Andrew Lloyd Webber/Charles Hart/ Richard Stilgoe (composers)

Opened in London: September 27, 1986

Cast Album Released: April 20, 1987

Opened on Broadway: January 26, 1988

Soundtrack Released: Nov. 23, 2004


Sales (in millions):
US: 4.0 c, 4.0 h, 1.0 s
UK: 0.9 c
IFPI: --
World (estimated): 14.1 c+h+s


Peak:
US: 33 c, 46 h, 16 s
UK: 1 3-c, 40 s
Canada: --
Australia: --

C cast album
H cast album – highlights
S soundtrack

Quotable: --


Genre: show tunes


Album Tracks:

  1. Prologue
  2. Overture h, s
  3. Think of Me h, s
  4. Angel of Music h, s
  5. The Mirror (Angel of Music) h, s
  6. The Phantom of the Opera (Sarah Brightman, 1/11/86, #7 UK) h, s
  7. The Music of the Night h, s
  8. I Remember/ Stranger Than You Dream
  9. Magical Lasso
  10. Prima Donna h, s
  11. Poor Fool, He Makes Me Laugh
  12. Why Have You Brought Me Here/
  13. All I Ask of You (Sarah Brightman & Steve Harley, 10/4/86, #7 UK) s
  14. All I Ask of You (Reprise) h, s
  15. Entr’acte h
  16. Masquerade h, s
  17. Notes/ Twisted Every Way
  18. Wishing You Were Here Somehow Here Again (Sarah Brightman, 1/10/87, #7 UK) h, s
  19. Wandering Child/ Bravo Monsieur
  20. The Point of No Return h, s
  21. Down Once More/ Track Down This Murderer h, s

h songs on one-disc highlight version
s songs on one-disc soundtrack version

The soundtrack also adds the brand new “Learn to Be Lonely,” performed by Minnie Driver. A special edition, double-disc version of the soundtrack includes film dialogue.

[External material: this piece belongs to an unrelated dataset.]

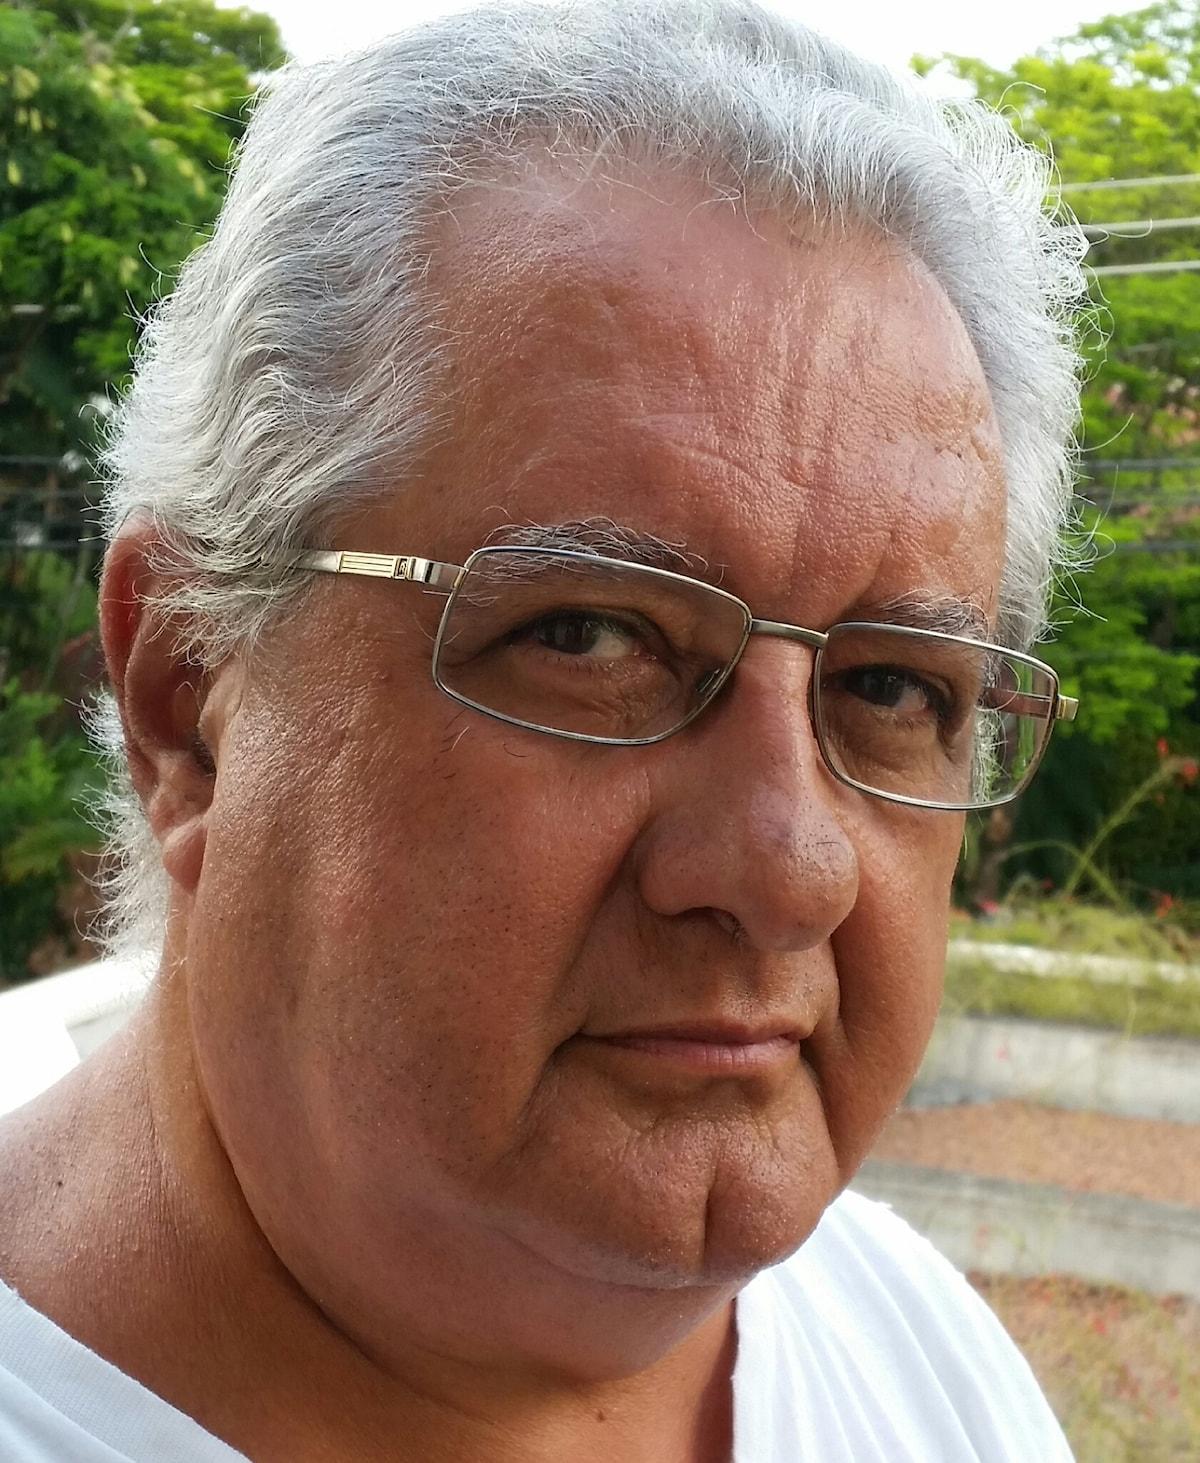 Renato From Santana de Parnaíba, Brazil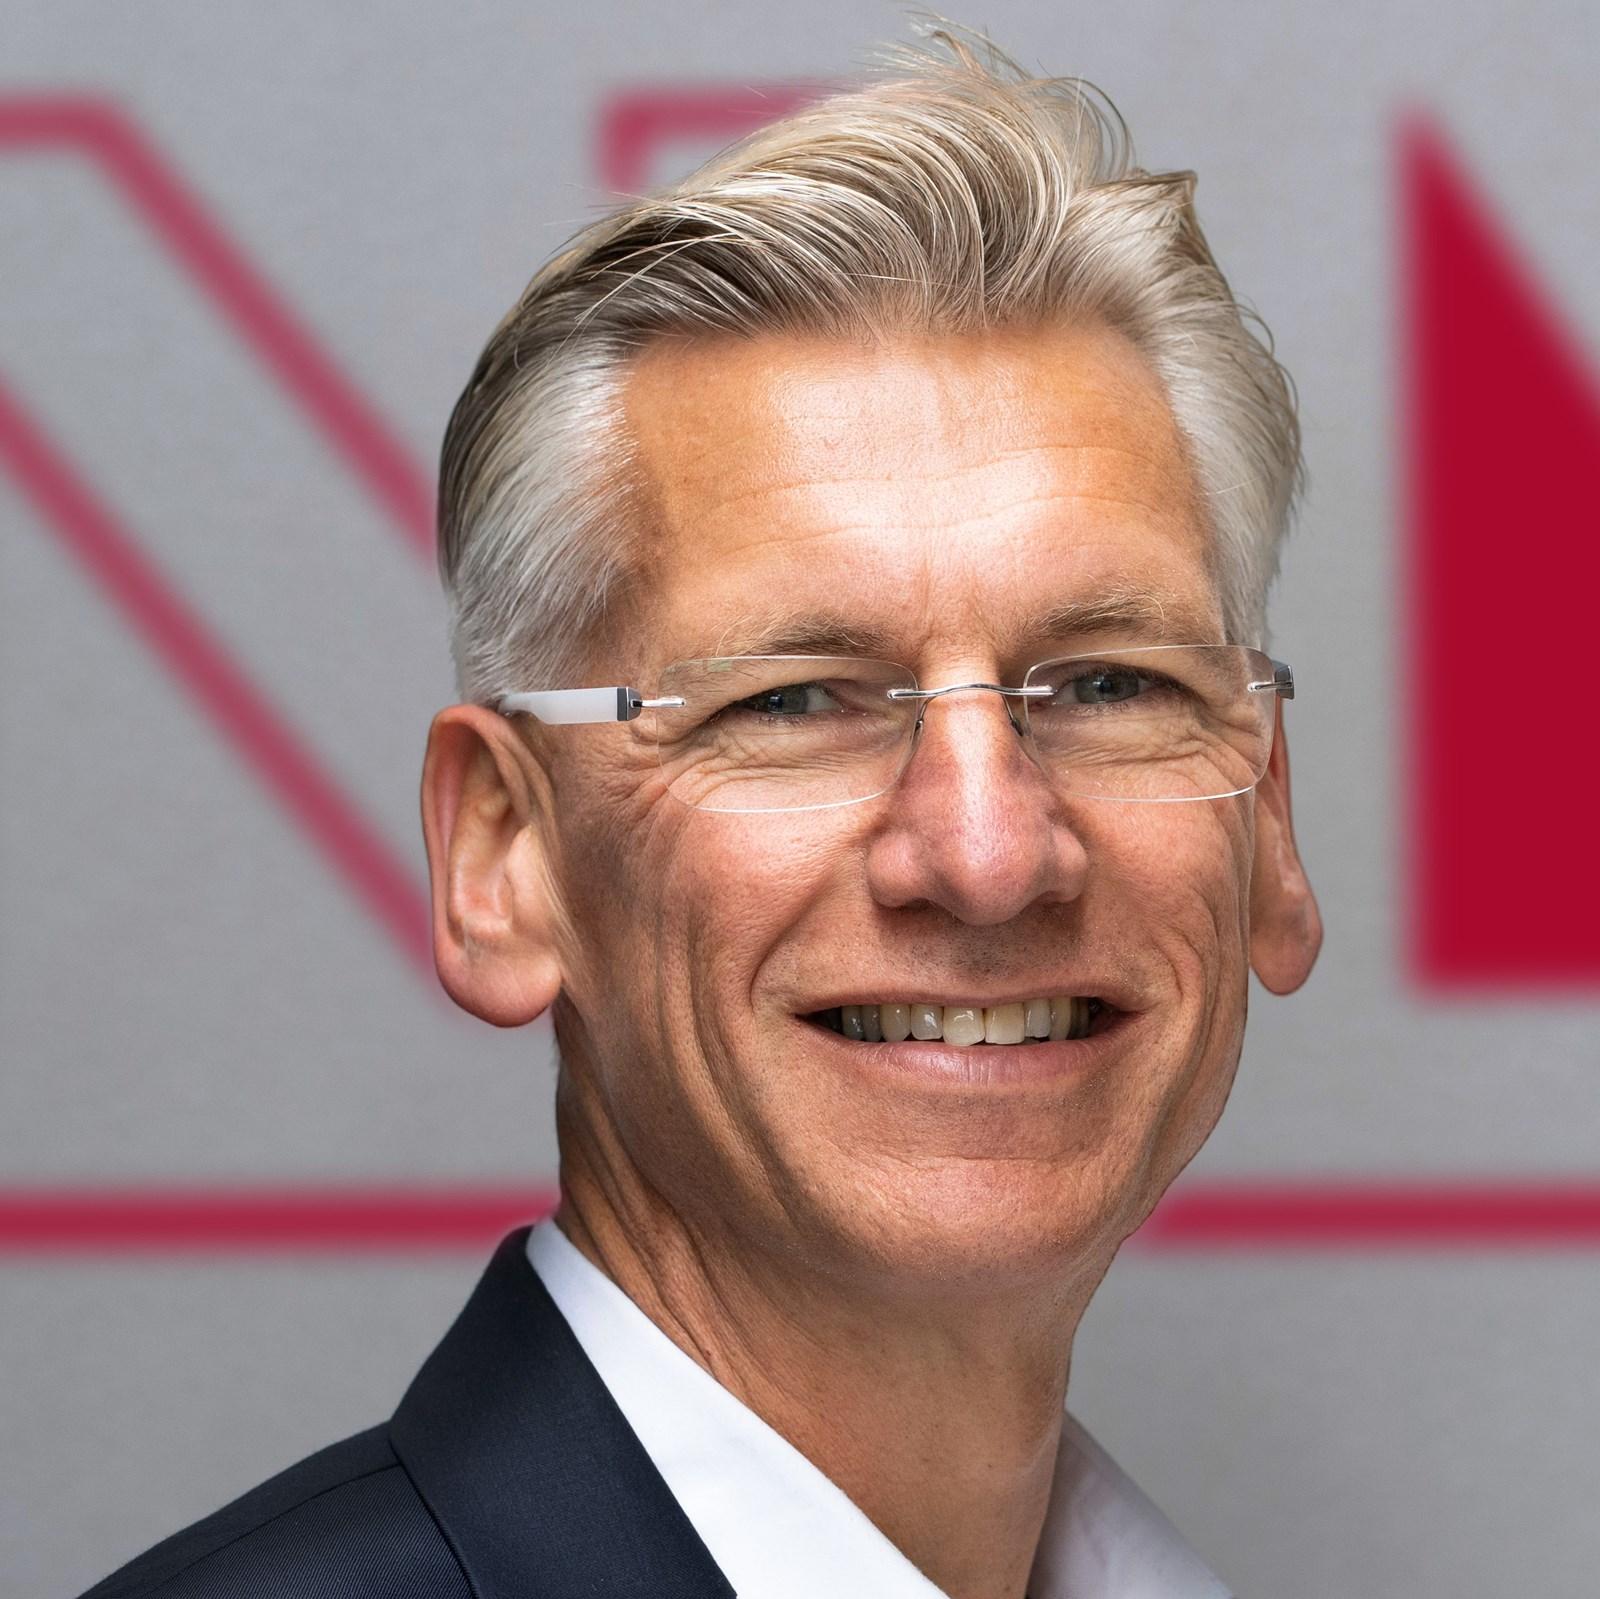 Niels Jimmink

Click here for the chart codes for singles/hit songs.

Review:

The Phantom of the Opera was originally a 1911 gothic mystery novel by French novelist Gaston Leroux. Ken Hill did a musical version of the book in 1976; ten years later it was adapted again by Andrew Lloyd Webber. “The musical focuses on a beautiful soprano, Christine Daaé, who becomes the obsession of a mysterious, disfigured musical genius known as ‘The Phantom of the Opera’, who terrorizes the Paris Opera House.” WK

Initially Webber approached Jim Steinman, best known for collaborating with Meat Loaf on Bat Out of Hell, to write the lyrics because of his “dark obsessive side.” WK When Steinman declined because of commitments to working on Bonnie Tyler’s album, he recruited Alan Jay Lerner (My Fair Lady, Camelot ), who unfortunately died soon after starting on the project. WK Next up was Richard Stilgoe, who also wrote lyrics for Webber’s Starlight Express. However, Webber deemed his lyrics “too witty and clever, rather than romantic” WK so Charles Hart was brought in to rewrite the lyrics. Stilgoe and Hart both got credit on the final version. WK

Phantom opened on October 9, 1986 at Her Majesty’s Theatre in London. It celebrated 9000 performances on May 31, 2008 and became “the second-longest-running West End musical of all time, behind Les Miserables.” WK It had similar success after opening in New York in January 1988, becoming “the longest-running Broadway musical of all time, breaking the record held by Lloyd Webber’s Cats.” WK It “won both the Olivier Award and Tony Award as the best musical in its debut years on the West End and Broadway.” WK

The musical has also been named “the highest-grossing entertainment event of all time.” WK The New York production is the “most financially successful Broadway show in history” WK with $600 million grossed. WK The show has played to over 100 million people in 124 cities in 25 countries. WK

Michael Crawford and Sarah Brightman, who starred in the West End production as the titular character and Christine respectively, also launched the Broadway debut. As such, the London cast album became the official recording and no Broadway version was made. WR Both a two-disc set and a single-disc “highlights” set were made available, each selling 4 million copies in the U.S.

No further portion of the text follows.